• WORK ORDER: The pictures stay out. Please retype every line below exactly.

*** DATA EXCERPT ***

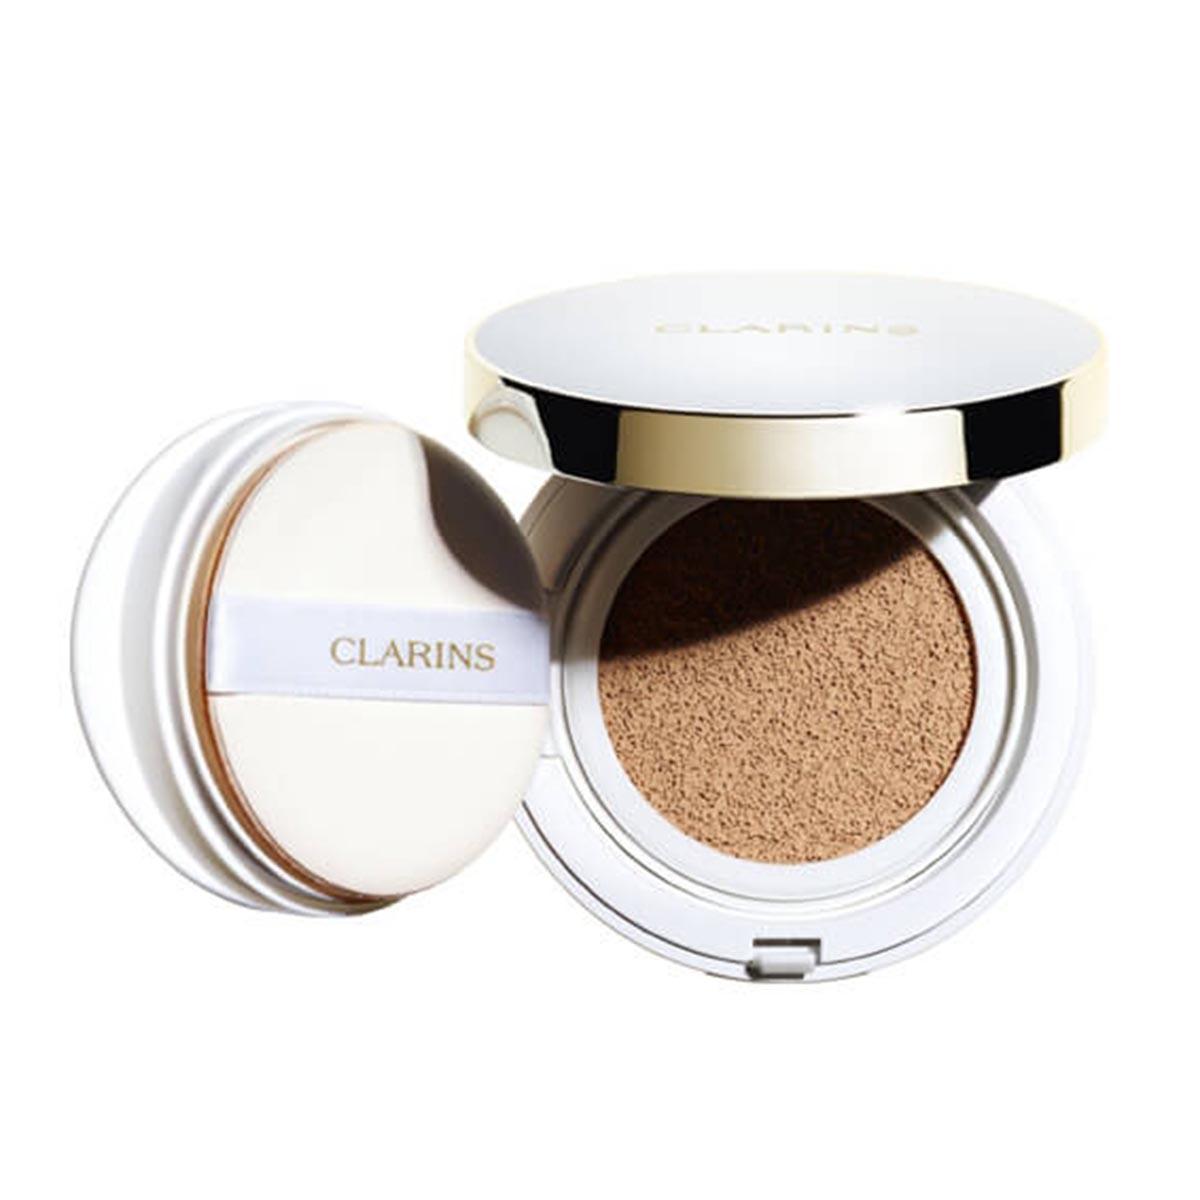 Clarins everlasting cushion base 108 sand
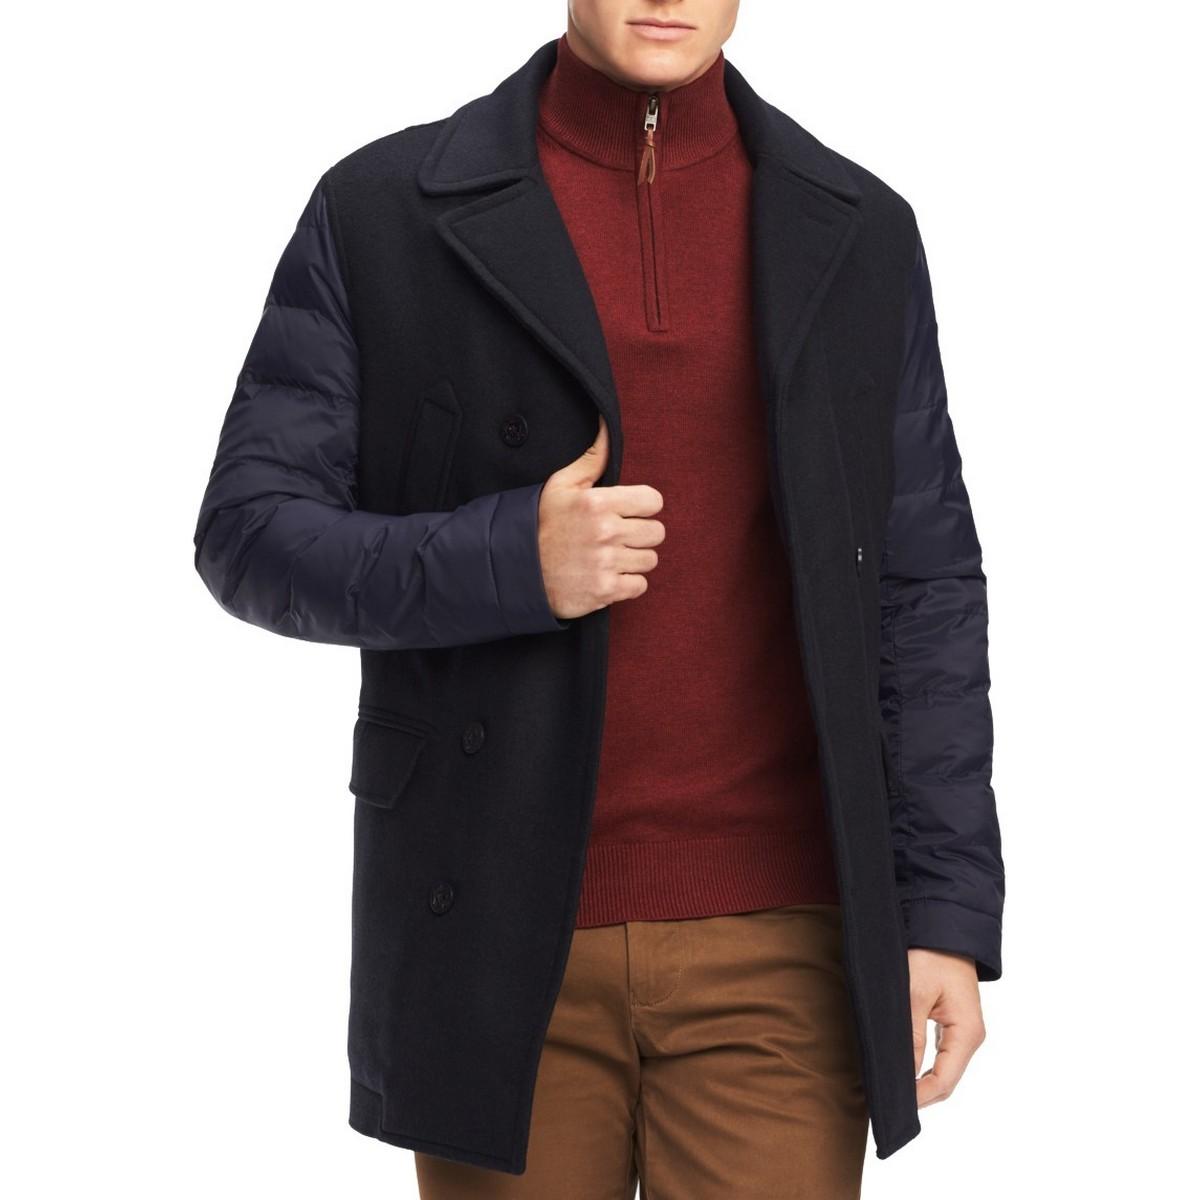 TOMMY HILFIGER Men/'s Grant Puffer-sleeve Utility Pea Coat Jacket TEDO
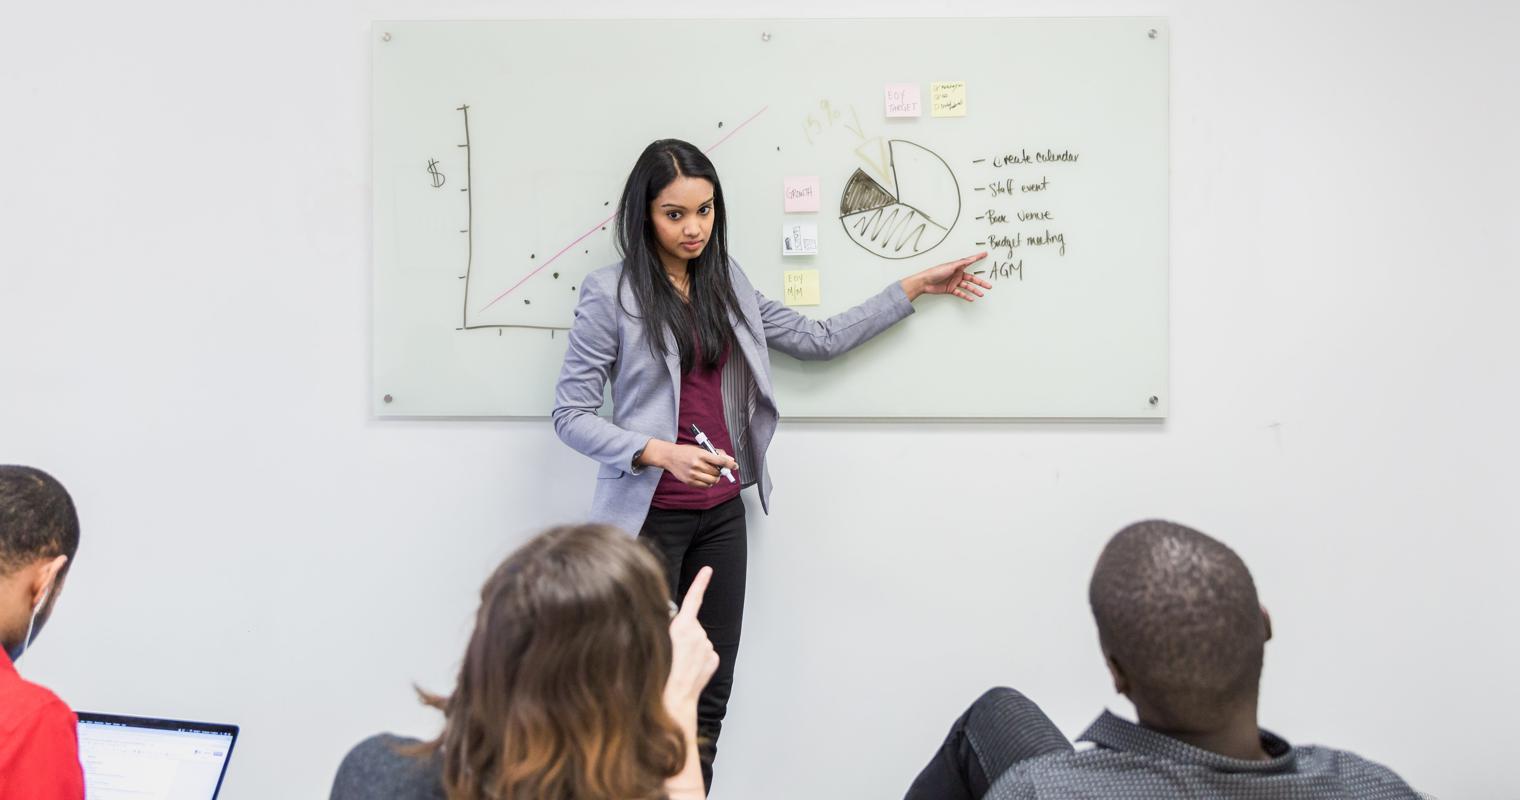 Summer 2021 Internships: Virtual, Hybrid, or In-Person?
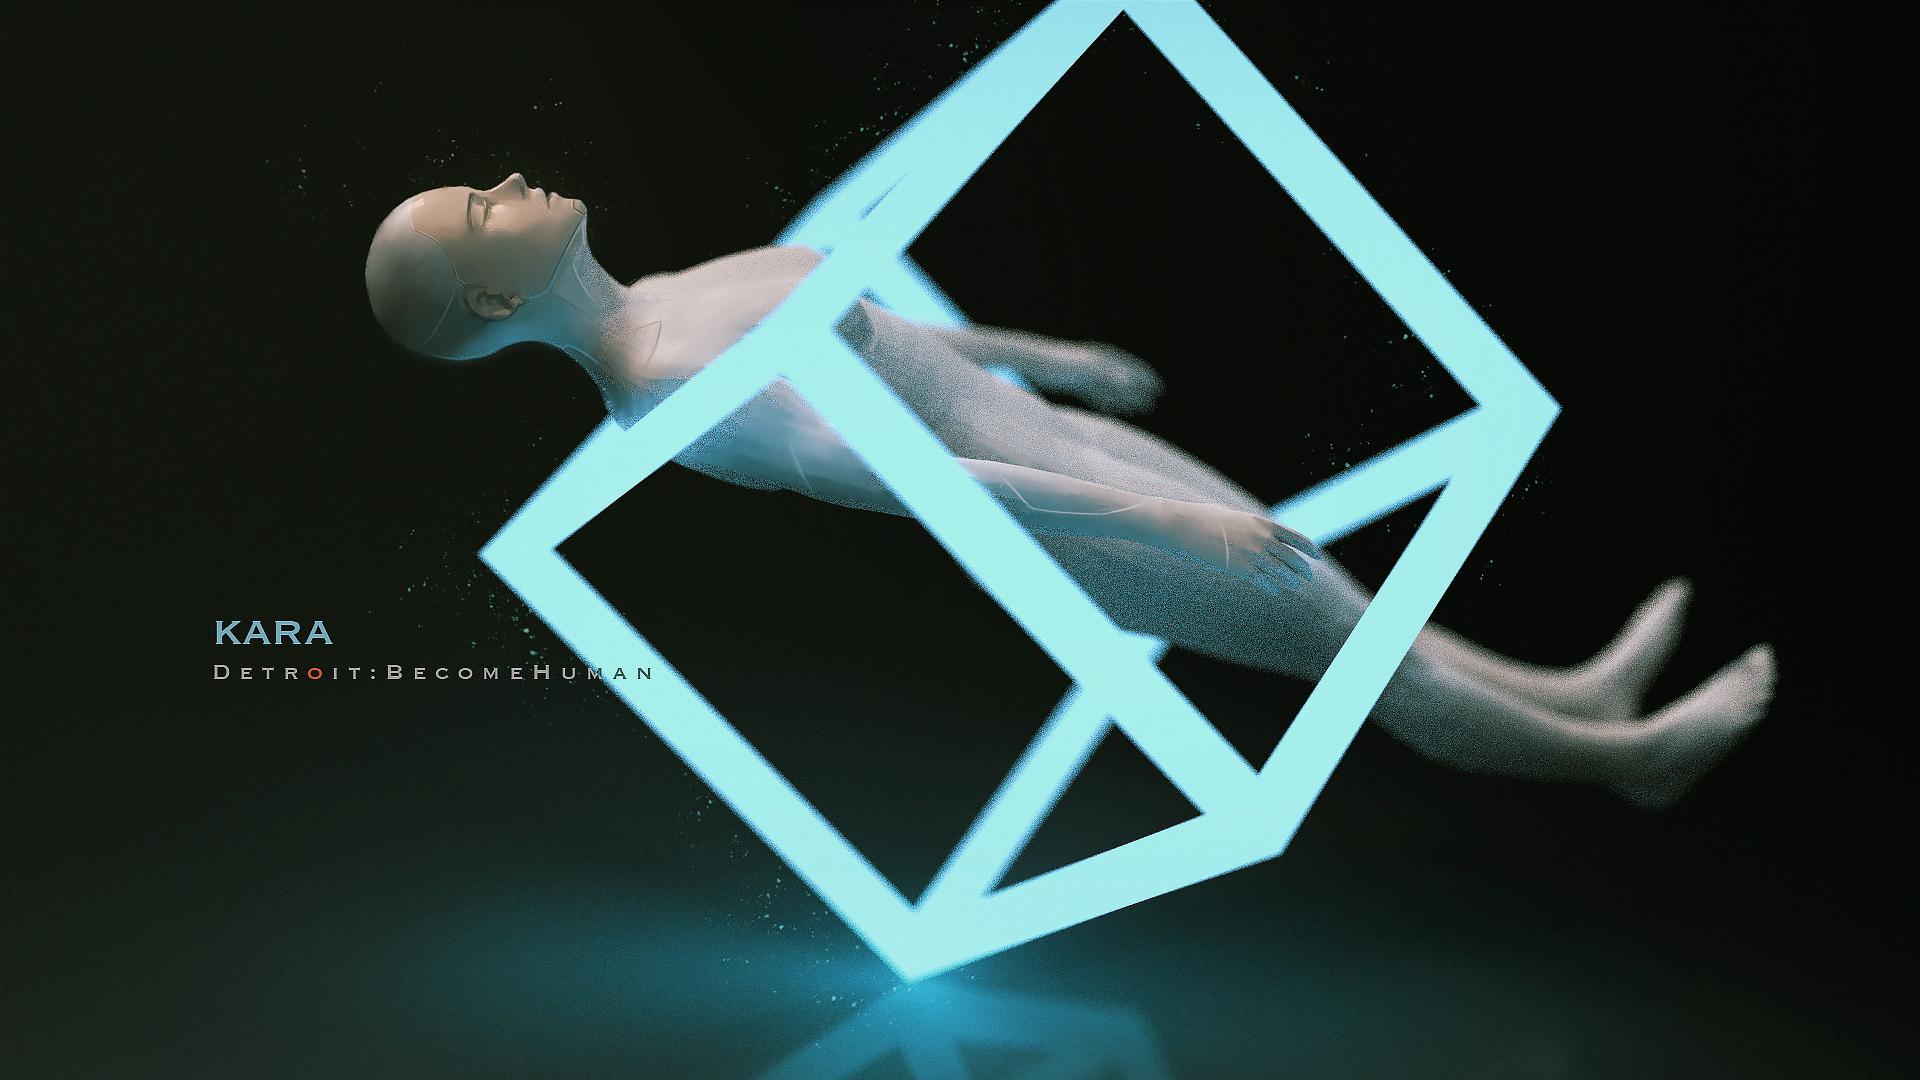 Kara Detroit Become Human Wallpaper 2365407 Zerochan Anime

***

• REPLY:
 Clarins everlasting cushion base 108 sand
 TOMMY HILFIGER Men/'s Grant Puffer-sleeve Utility Pea Coat Jacket TEDO
 Summer 2021 Internships: Virtual, Hybrid, or In-Person?
 Kara Detroit Become Human Wallpaper 2365407 Zerochan Anime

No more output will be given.